Book Notes - Momus "UnAmerica"

UnAmerica

In the Book Notes series, authors create and discuss a music playlist that relates in some way to their recently published book.

Previous contributors include Bret Easton Ellis, Kate Christensen, Kevin Brockmeier, George Pelecanos, Dana Spiotta, Amy Bloom, Aimee Bender, Myla Goldberg, Heidi Julavits, Hari Kunzru, and many others.

Momus (aka Nick Currie) has always impressed me with his music. His new book UnAmerica is a wildly imaginative satirical novel, a modern retelling of the sixth century tale "The Voyage of Saint Brendan."

Rolling Stone wrote of the book:

"It is witty, clever, well-written, and exactly the sort of project Currie can seemingly toss off at his leisure."

Stream a playlist of these songs at Spotify.

In his own words, here is Momus's Book Notes music playlist for his novel, UnAmerica:


My usual plan when I'm writing a book is to set up a very clever and compelling high concept idea and then completely undermine it with a sort of shaggy dog structure in which each step forward, plotwise, is purchased at the price of six steps back: a shambles of digressions, impudent lies, cheeky suggestions, irrelevant asides, stumbling blocks and general plunder.

The high concept idea that structures—or fails, mostly, to structure—UnAmerica is that God hates America and wants to mount a voyage which will lead to its undiscovery and uninvention as a principle in the world. But—fortunately—it's precisely in the digressions and setbacks that we see the logic of God's distaste for a nation that seems to flout all the most reasonable Christian ethics on a daily basis. I'm not a Christian, but early Christian didacticism does interest me, and I take the tale of a 6th Century sea voyage, The Voyage of Saint Brendan, as one of my structuring models.

Music comes into UnAmerica as a series of references in these fragmentary and tangential digressions. So let's go through this as methodically as we can!

"Autobahn" by Kraftwerk

Kraftwerk are actually characters in the book. They visit Summerville, South Carolina—where most of the action takes place—in a Mercedes 600 and have a conversation about cuisine in a Tastee Freez. Florian Schneider bought a Mercedes 600 in the mid-1970s for 25,000 Deutschmarks. Kraftwerk's presence in the book is important: they represent the idea that Europe is several decades ahead of America, and that many of the "American" symbols of modernity—skyscrapers, freeways, even the hamburger and denim—are actually European inventions. The nemesis of Kraftwerk, in the book, is ZZ Top.

"Degüello" by ZZ Top

ZZ Top appear in the novel as a group of Texan socialists searching through a sporting goods store for leotards. They're in the company of a friend, the wrestler Hulk Hogan. A conversation develops at the leotard rail in which ZZ Top and Hogan disagree about Michel Foucault's positive reaction to the 1979 Iranian revolution.
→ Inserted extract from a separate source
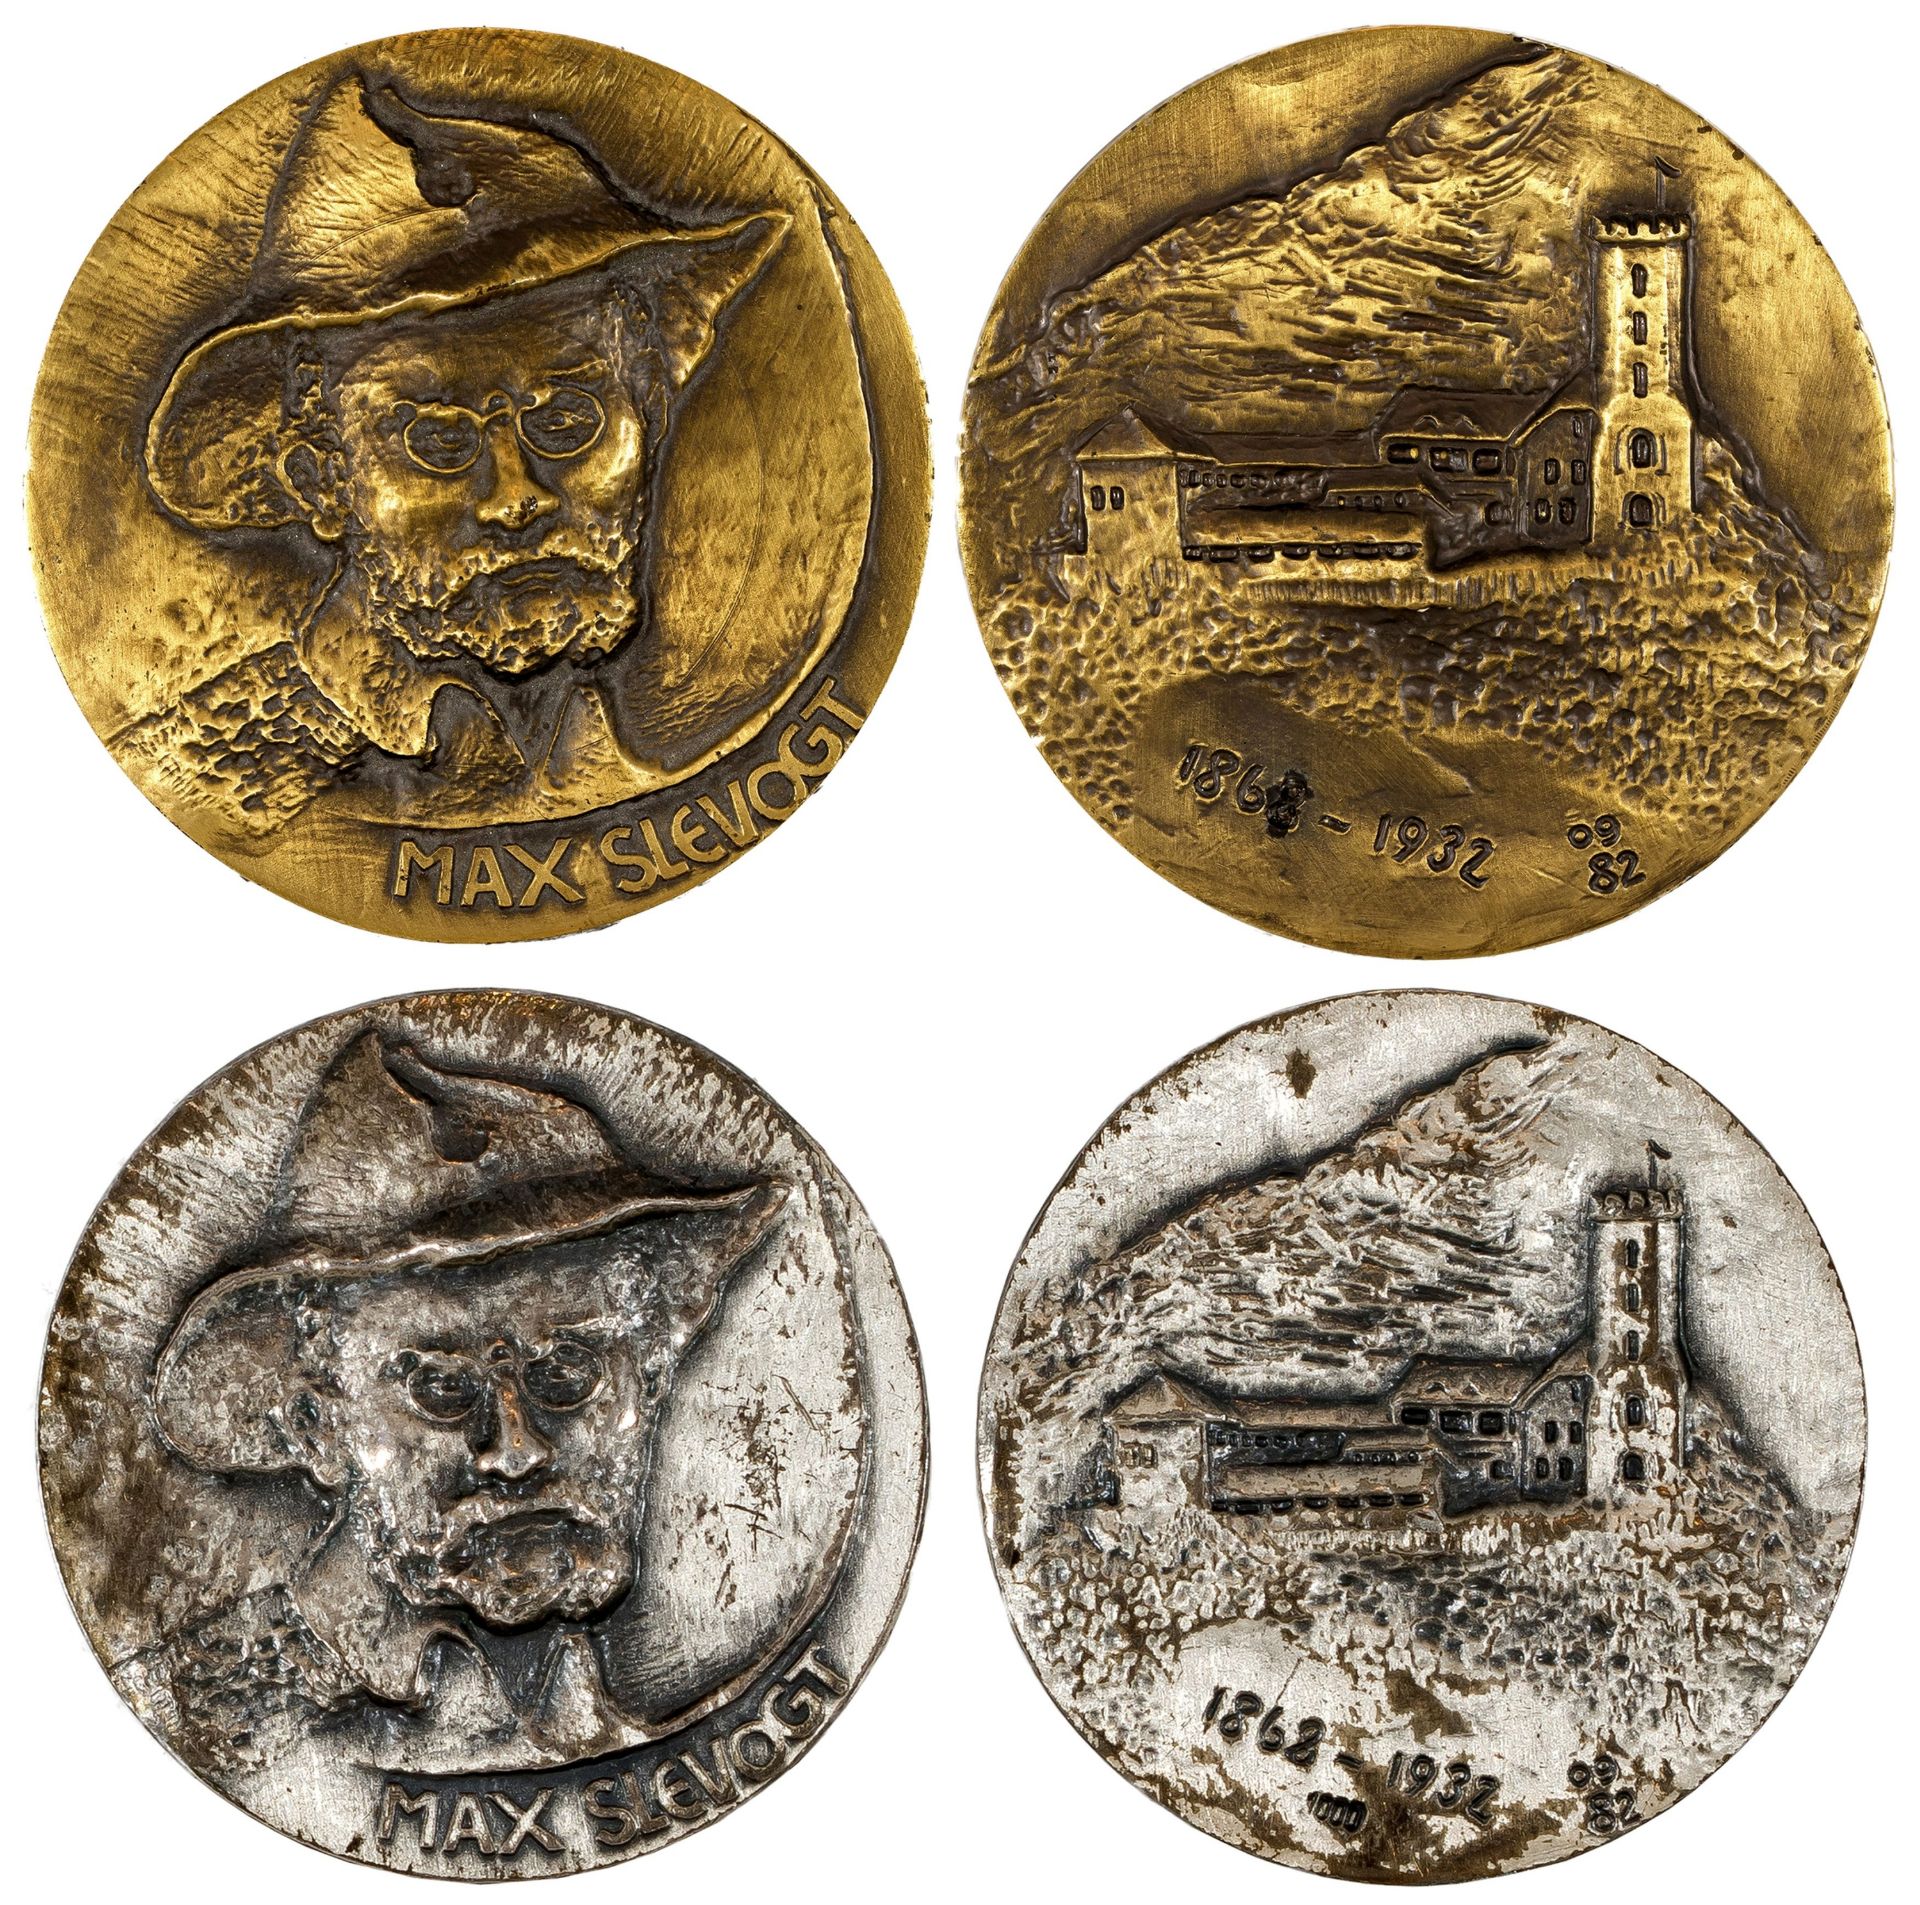 Konvolut von 2 Medaillen "Max Slevogt 1868-1932" (Zum 50. Todestag)

Hogan (the most socialist of the friends) suggests that ZZ Top may have been distracted from geopolitics at the time by the recording of Degüello, their debut album for Warner Brothers. To be honest, I've never heard any of ZZ Top's music, and I don't intend to. I just put them in because they seem like the most stereotypically American group ever. Later in the novel Kraftwerk's Florian Schneider and ZZ Top's Billy Gibbons ("brothers turned sour with rancourous rivalry") face off with spears. I won't spoil things by telling you who wins.

"Agatha" by Francis Bebey

Bebey was a Cameroonian writer and musician who made extraordinary electronic makossa records in Paris. One of them contains a song called Agatha, based on his novel Agatha Moudio's Son. Bebey interests me for several reasons. One, I was listening to a compilation of his work called African Electronic Music 1975-1982 while I was writing the novel. Two, he does for the continent of Africa what Kraftwerk does for Europe: he proves that what we think of as modernity arose elsewhere than in America: Bebey's electronic songs predate black American electronic music pioneers like Afrika Bambaataa by several years. And thirdly, I like the plot of his Agatha Moudio novel and plunder it in my book. The song Agatha is about an African man who accuses his wife of having an affair with a white man when she gives birth to a white baby. My (white American) hero Brad Power turns out to be the one who gave Agatha Moudio her baby.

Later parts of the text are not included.